Another project that Near Space is working on, a particularly fascinating one, involves flying a balloon through the atmosphere of Venus — something that's never been done before. Due to the intense pressure and extreme heat on the surface of Venus, the type of modules and rovers that work on Mars don't last very long. But the planet's upper atmosphere could be more hospitable for the balloons that Near Space operates.

Credit: Near Space Corp.
A small-scale prototype of JPL's Venus balloon being tested by Near Space in the Nevada desert.

"We are working with the Jet Propulsion Laboratory on a balloon system which cannot orbit, because that's higher, but actually fly using the winds around Venus, to descend into the atmosphere of Venus and be able to do scientific research on both the atmosphere and the surface," Tucker said. "So that requires that the balloon be able to exist in an atmosphere that's mostly sulfuric acid — it's very dense. And there is a very, very large difference in the temperature between the Venus day and night. So pressure changes directly with temperature. So with the balloon, that's something you have to account for, so that balloon system does have what we call 'altitude control,' or the ability to vary the the buoyancy to compensate for those things."

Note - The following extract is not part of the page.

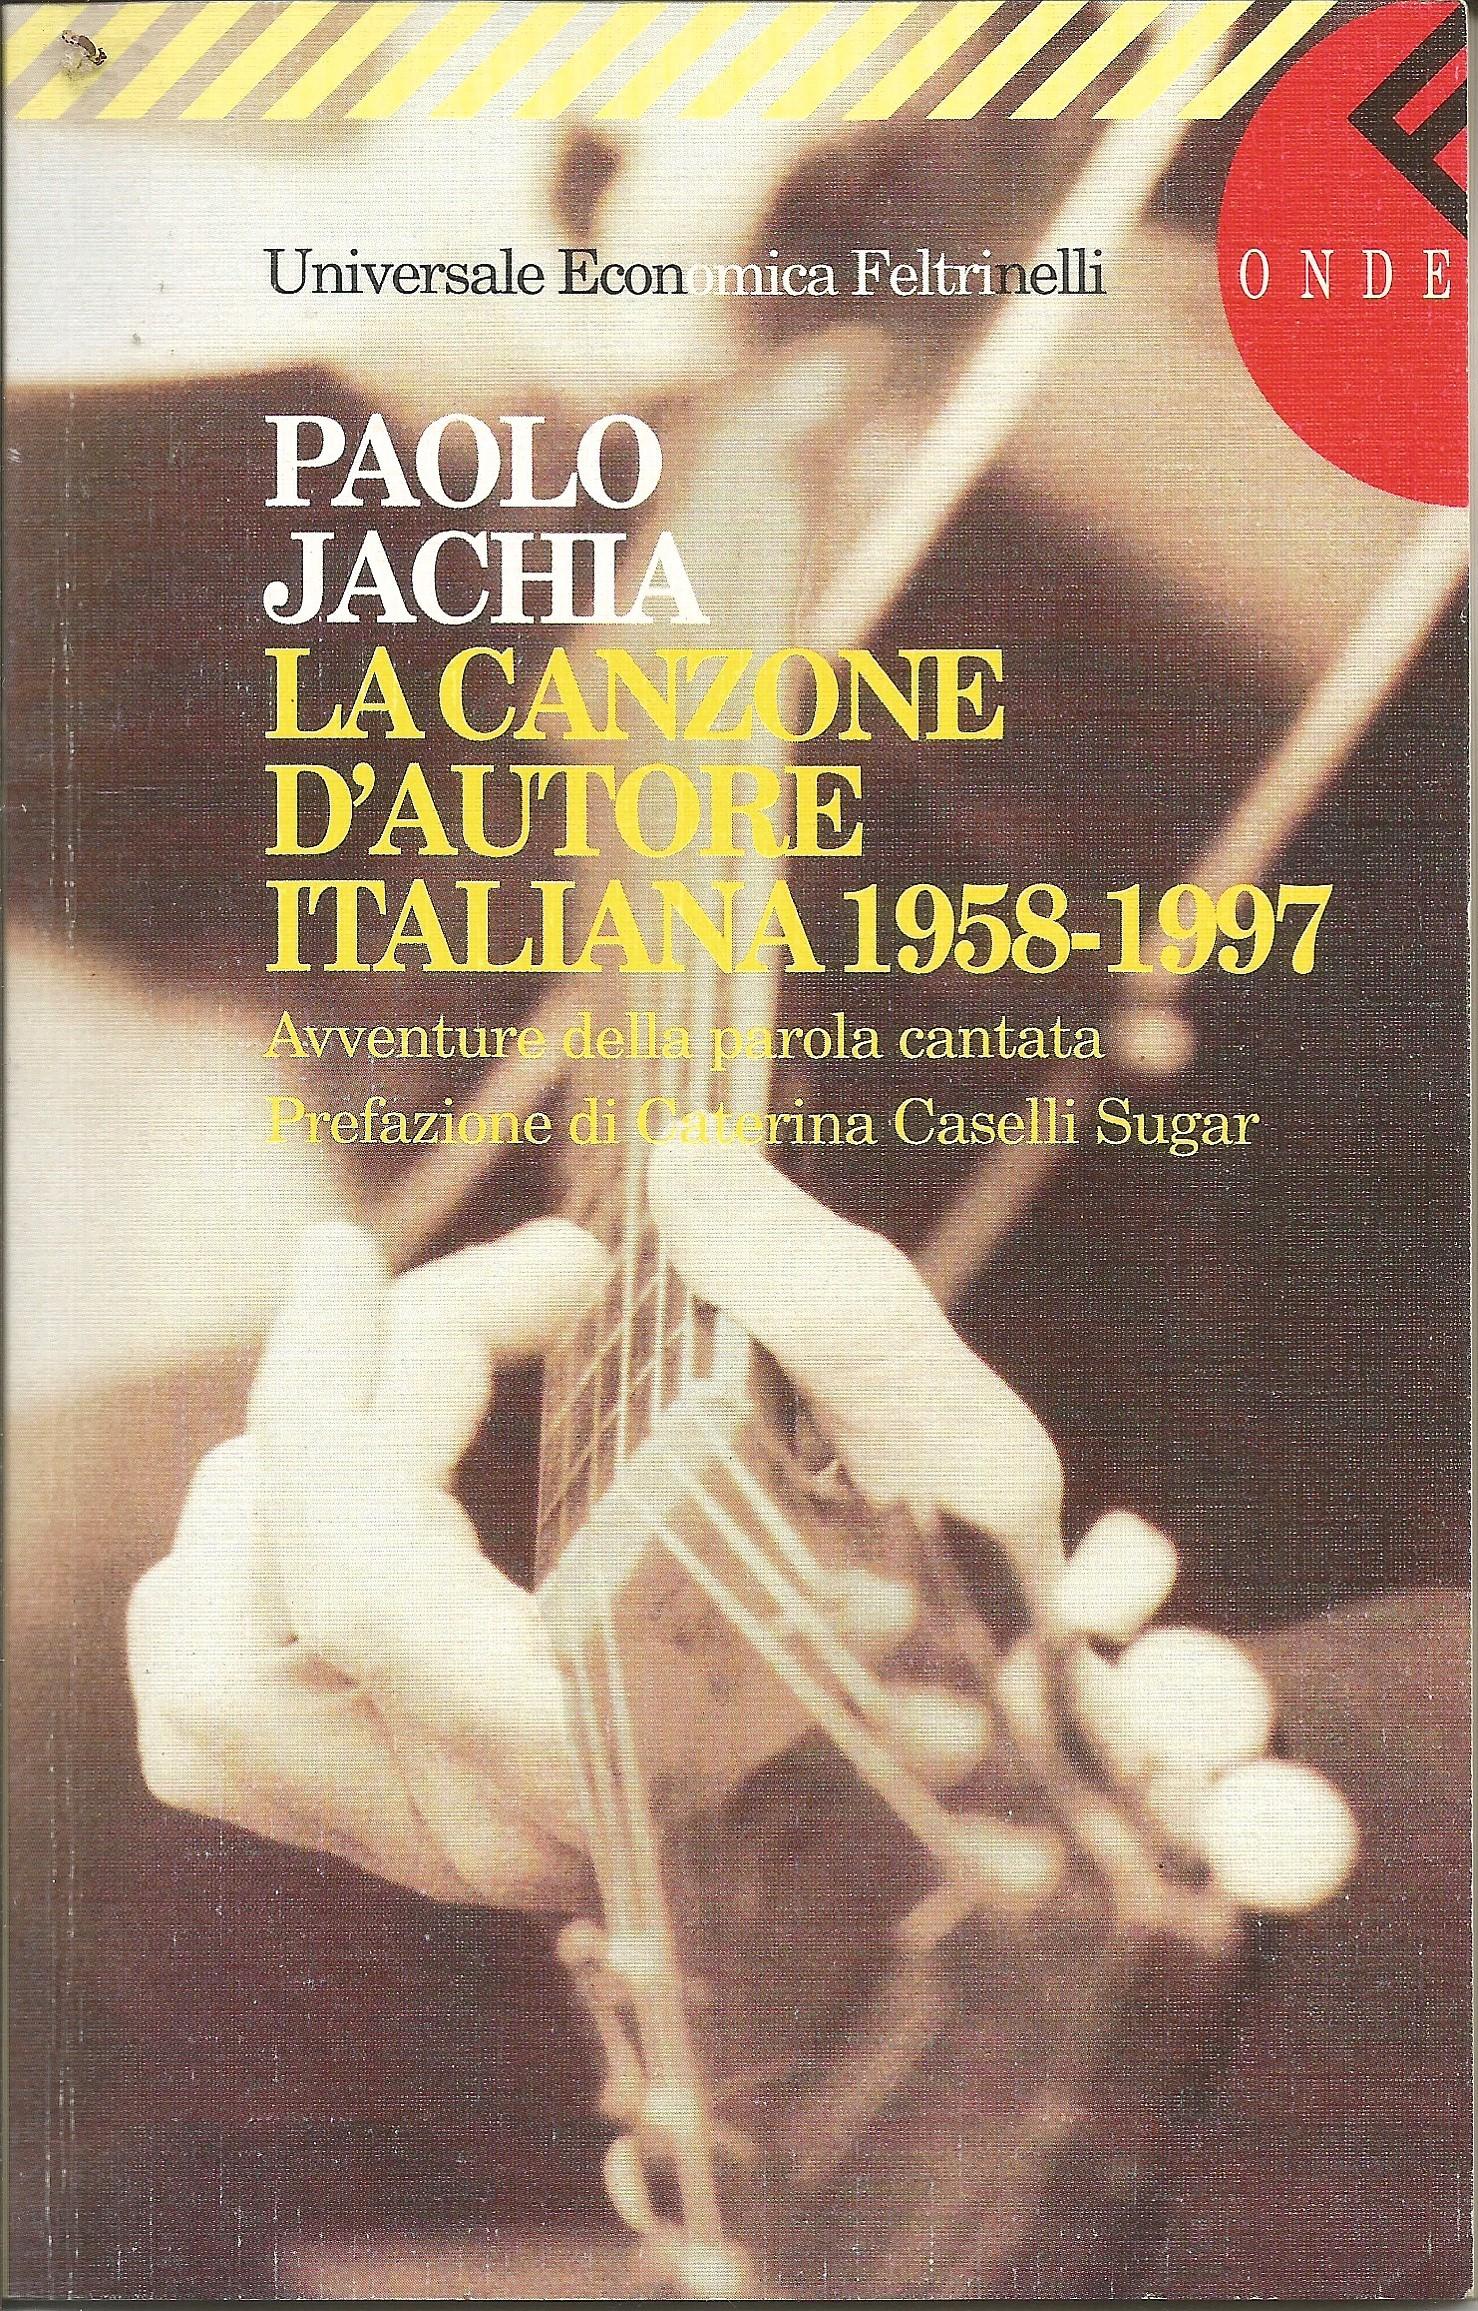 La canzone d'autore italiana (1958-1997)

On the Chinese balloon in particular, Tucker said he doesn't have any inside information. However, he knows his way around flying research balloons. They tend to be slow, but as he mentioned before, fairly predictable.

"Yeah, an important thing about balloons is is actually their elegance. They go with the wind always," Tucker said. "They — we jokingly refer to it as a  'Mach 0' technology, so as soon as you enter ... you become free floating. You leave the ground and let go of it. The system is going to go wherever the wind is moving. And as you get higher into the stratospheric winds, there's a very high level of predictability and modeling and forecasting where those are going to go, so you can model trajectories with a fairly good amount of accuracy, at least several days out."

Having a balloon like that blow off course during a short flight is unlikely, Tucker indicated. But during a longer flight, with changing winds, it's more possible.

"The point is, is the balloons are going to go where the winds take them. The technologies that you (don't typically have on board are) things like propellers or jets to steer left or right," Tucker continued. "What you can do is, in some cases, adjust the altitude the balloon is at, knowing if there are different winds in different directions and you want to catch them. So that is a way you can, in essence, steer the balloon. However, that means there has to be communication with the system to do that, and also enough technical capability to adjust the buoyancy of the balloon system in order to go to the right altitudes."